A nosso ver, a doação de 12 de Outubro de 1431 e as cartas de 25 de Março de 1448 e de 22 de Setembro de 1460, relativas à sustentação da cátedra de Prima de Teologia, testemunham um propósito que foi muito além do decoro na instalação material do Estudo, que por então não tinha “casas proprias em que leessem e fezessem sseus auctos escolasticos de todas as scientias ante andava sempre per casas alheas e de aluguer como cousa desabrigada e desalojada”.

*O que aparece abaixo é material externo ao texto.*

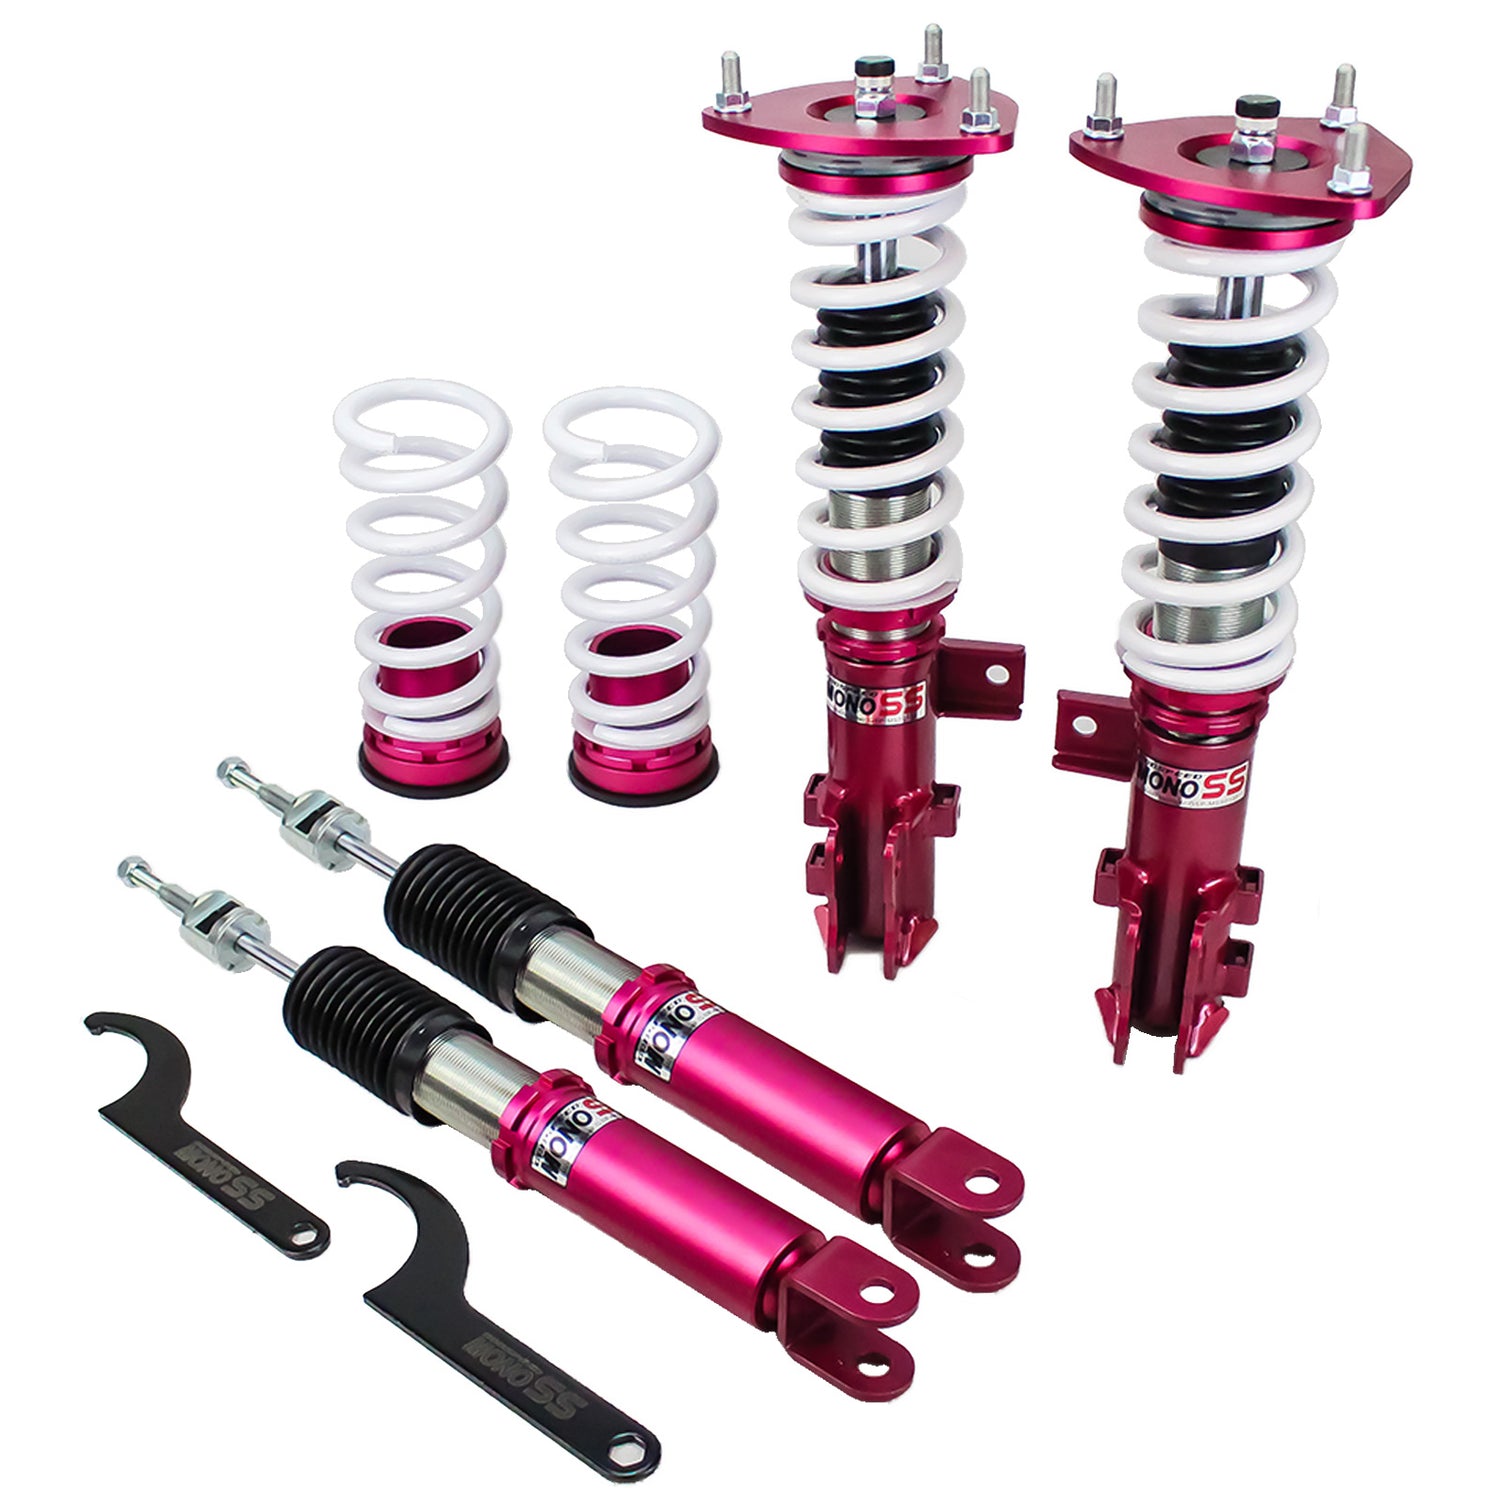 Godspeed MSS0107 MonoSS Coilover Lowering Kit, Fully Adjustable, Ride Height, Spring Tension And 16 Click Damping, Hyundai Tucson 2009-15

Com efeito, a doação de 12 de Outubro de 1431 21, feita no início de novo ano escolar, sugere que o Infante instalou o ensino das Artes em local próprio, não só para decoro do ensino mas também por haver completado o quadro docente das Artes. Tudo parece indicar que até então o ensino universitário das Artes se havia limitado exclusivamente à Gramática, à Didática (Lógica) e à Música. O silêncio dos documentos, pelo menos, não contraria esta maneira de ver; e sendo assim, caberia ao Infante a iniciativa do estabelecimento do ensino completo do Trivium e do Quadrivium, isto é, das artes sermocinales e das artes reales, ou sejam, segundo a ordem por que Alcuíno as dispôs, a Gramática, Dialética e Retórica, a Aritmética, Geometria, Astronomia e Música.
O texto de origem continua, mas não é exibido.